La titolare della cantina omonima racconta la sua Next Generation: “Siamo chiamati a raccogliere un’eredità importante, in un tempo che chiede cambiamento e relazione diretta. Servono coraggio e visione”
di Camilla Rocca
Il destino di Chiara Petrelli era già segnato alla nascita: venne alla luce a Siena, a metà strada tra il Chianti e Montalcino, e fu battezzata da due agronomi. Suo padre ama dire che in famiglia il DNA ha la forma di un grappolo d’uva, una descrizione che, per quanto la riguarda, è sorprendentemente logica. Figlia d’arte, è cresciuta con la casa e la cantina una di fronte all’altra; per questo, insinuarsi nell’azienda di famiglia fu per lei un gesto naturale.
Da bambina, invece di dedicarsi ai compiti, preferiva trascorrere il tempo in cantina: imbottigliando, osservando gli altri lavorare o assaggiando di nascosto il vino (ma questo, naturalmente, non andrebbe detto a nessuno). Cominciò ad aiutare il padre già in tenera età, prima nel negozio e poi, a partire dai quattordici anni, affiancandolo nelle degustazioni. A quindici anni decise di imparare l’inglese per poter accogliere al meglio i turisti stranieri e offrire loro un servizio impeccabile. In pochi mesi divenne fluente e, due anni più tardi, iniziò a occuparsi dell’export.
Concluso il liceo, il suo contributo all’azienda si fece ancora più concreto: guidò un rebranding generale, partendo dal logo e dalle etichette, e partecipò a eventi e fiere internazionali. Parallelamente si iscrisse alla facoltà di Viticoltura ed Enologia dell’Università di Bologna, studiando a Cesena.
La laurea arrivò nel marzo 2020, in piena pandemia da Covid-19. Quel periodo di chiusura le offrì l’opportunità di frequentare corsi fondamentali per l’azienda e di perfezionare le esperienze enoturistiche.
Nel 2022 divenne ufficialmente titolare dell’azienda, assumendo sempre più responsabilità nella gestione. Nonostante la mole di documenti e incombenze burocratiche, continua a considerarsi un’enologa a tutti gli effetti, lavorando fianco a fianco con il padre e la squadra nella produzione dei vini.

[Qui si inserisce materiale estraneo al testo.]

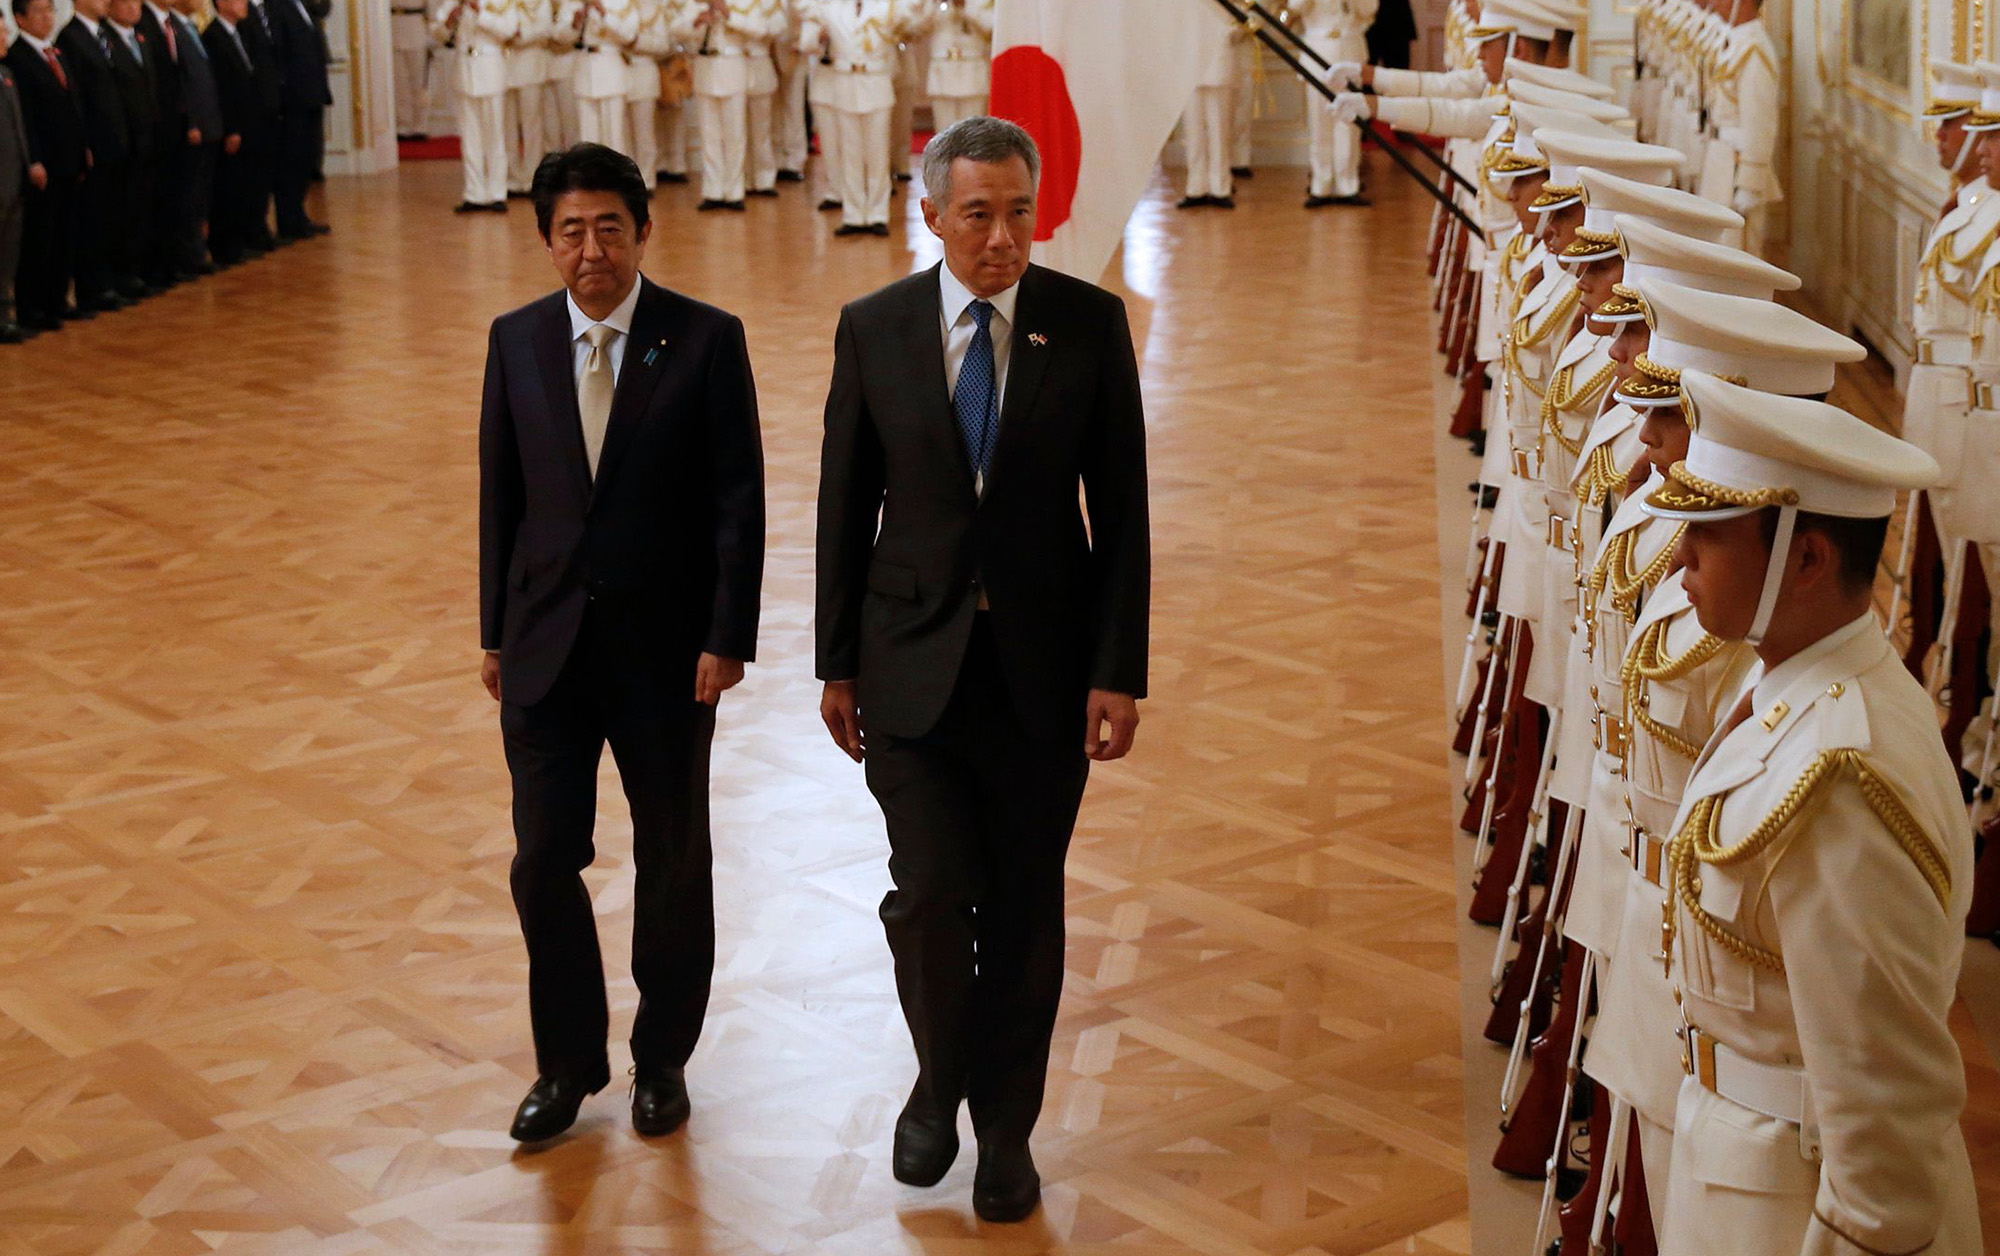 Japan's Prime Minister Shinzo Abe and Singapore's Prime Minister Lee Hsien Loong attend a welcoming ceremony hosted by Abe at the state guest house in Tokyo on September 28, 2016. 
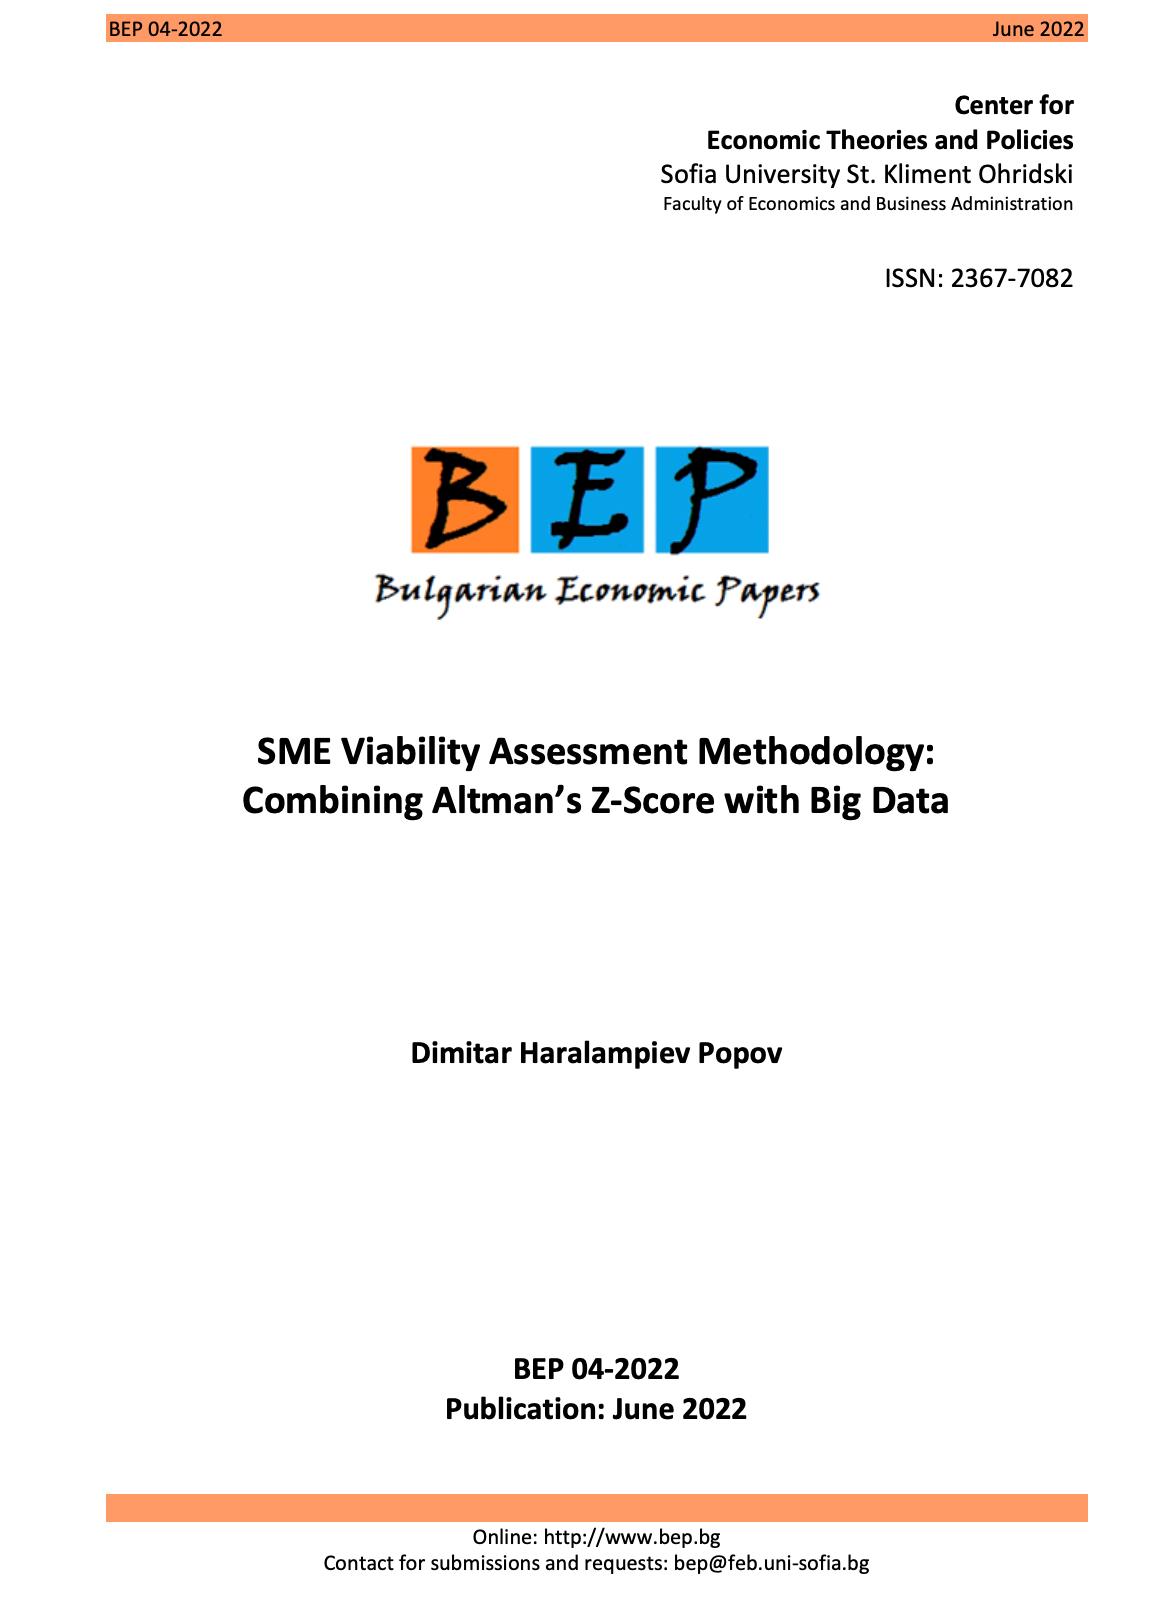 SME Viability Assessment Methodology: Combining Altman’s Z-Score with Big Data (1999-2020) Cover Image

Dopo anni di impegno e sacrifici, nel 2025 riuscì a realizzare un piccolo grande sogno: costruire una cucina aziendale per organizzare serate a tema e accogliere gruppi di turisti da ogni parte del mondo, offrendo degustazioni dei vini in abbinamento alla tradizione gastronomica salentina.
Che cos’è la next generation nel mondo del vino?
Possiamo forse dire che fanno parte della next generation tanti coraggiosi che hanno deciso di intraprendere un percorso bellissimo tanto quanto complicato.
Perché è un tema così forte in questo momento?
È così forte perché ci troviamo in mezzo a una silenziosa (ma non troppo) rivoluzione. La maggior parte di “noi” si trova a gestire aziende di famiglia già esistenti e che hanno vissuto un periodo di crescita per l’enologia, sia dal punto di vista commerciale sia da quello tecnologico. Noi abbiamo l’enorme responsabilità di fare bene tanto quanto chi ci ha preceduto. Ci troviamo, però, di fronte a tanti ostacoli: aumento dei costi, cambiamento climatico, diminuzione della manodopera, concorrenza, dazi, ecc.
Sostenibilità nel vino, importa davvero per la Next generation?
Importa davvero perché il cambiamento climatico sta diventando, negli anni, sempre più palpabile. Si avverte quindi la responsabilità di fare bene per il pianeta, sia per il presente sia per il futuro. Sono del parere che chi lavora con la natura avverte e sviluppi un rispetto più intimo e profondo nei confronti del pianeta.
Quanto è importante avere oggi in azienda un volto che racconti il brand?
È diventato importantissimo: i clienti cercano il contatto diretto con i produttori, vogliono ascoltare la storia che c’è dietro un sorso di vino, che è diventata quasi più importante della qualità stessa del prodotto. Non si tratta solo di apparenza, ma di avere un punto di riferimento, per il cliente così come per l’azienda stessa.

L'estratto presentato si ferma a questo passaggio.